Em abril, o tribunal proibiu prorrogar contratos do Enem e determinou a abertura de licitação para escolher a gráfica das provas. A Valid poderá prestar o serviço neste ano em caráter excepcional.

Pedidos de providências vieram também da Confederação Nacional dos Trabalhadores da Indústria Gráfica, que solicitou ao Ministério da Justiça investigação de eventuais fraudes em licitações vencidas pela Donnelley para o Enem.

Outro lado

Procurada pela Folha, a R. R. Donnelley não comentou a abertura da investigação.

O Inep, por sua vez, informou que não foi notificado pela SEC até a conclusão desta edição. 

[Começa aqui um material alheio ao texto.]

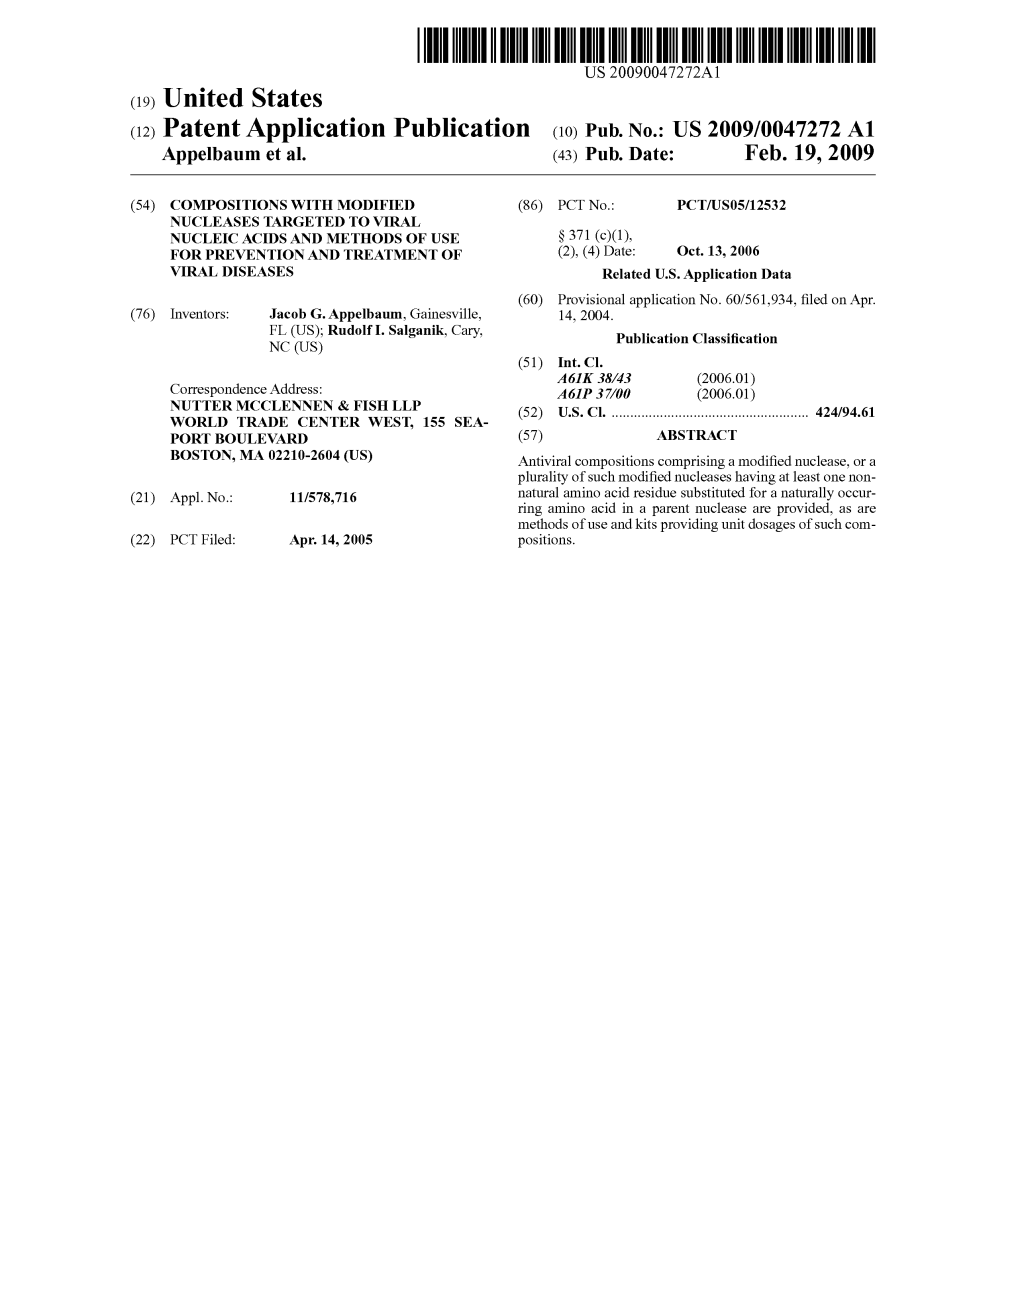 (12) Patent Application Publication (10) Pub. No.: US 2009/0047272 A1 Appelbaum Et Al

“Quando acionado[o Inep], todos os esclarecimentos sobre o contrato com a R.R. Donnelley & Sons Company’s serão prestados prontamente, bem como rotineiramente qualquer outro questionamento”, diz nota do instituto.

O instituto sustenta que “qualquer irregularidade detectada internamente sempre é apurada para aplicação de medidas cabíveis” e destaca que cumpriu todas as determinações feitas pelo Tribunal de Contas.

“A equipe técnica e jurídica do Inep mantém contato frequente com órgãos de controle do governo federal para garantir transparência aos contratos e iniciativas da autarquia”, diz a nota.

“Os esclarecimentos solicitados, recomendações e sugestões são acatados conforme a pertinência. O processo de contratação da gráfica para os exames educacionais segue essa diretriz.”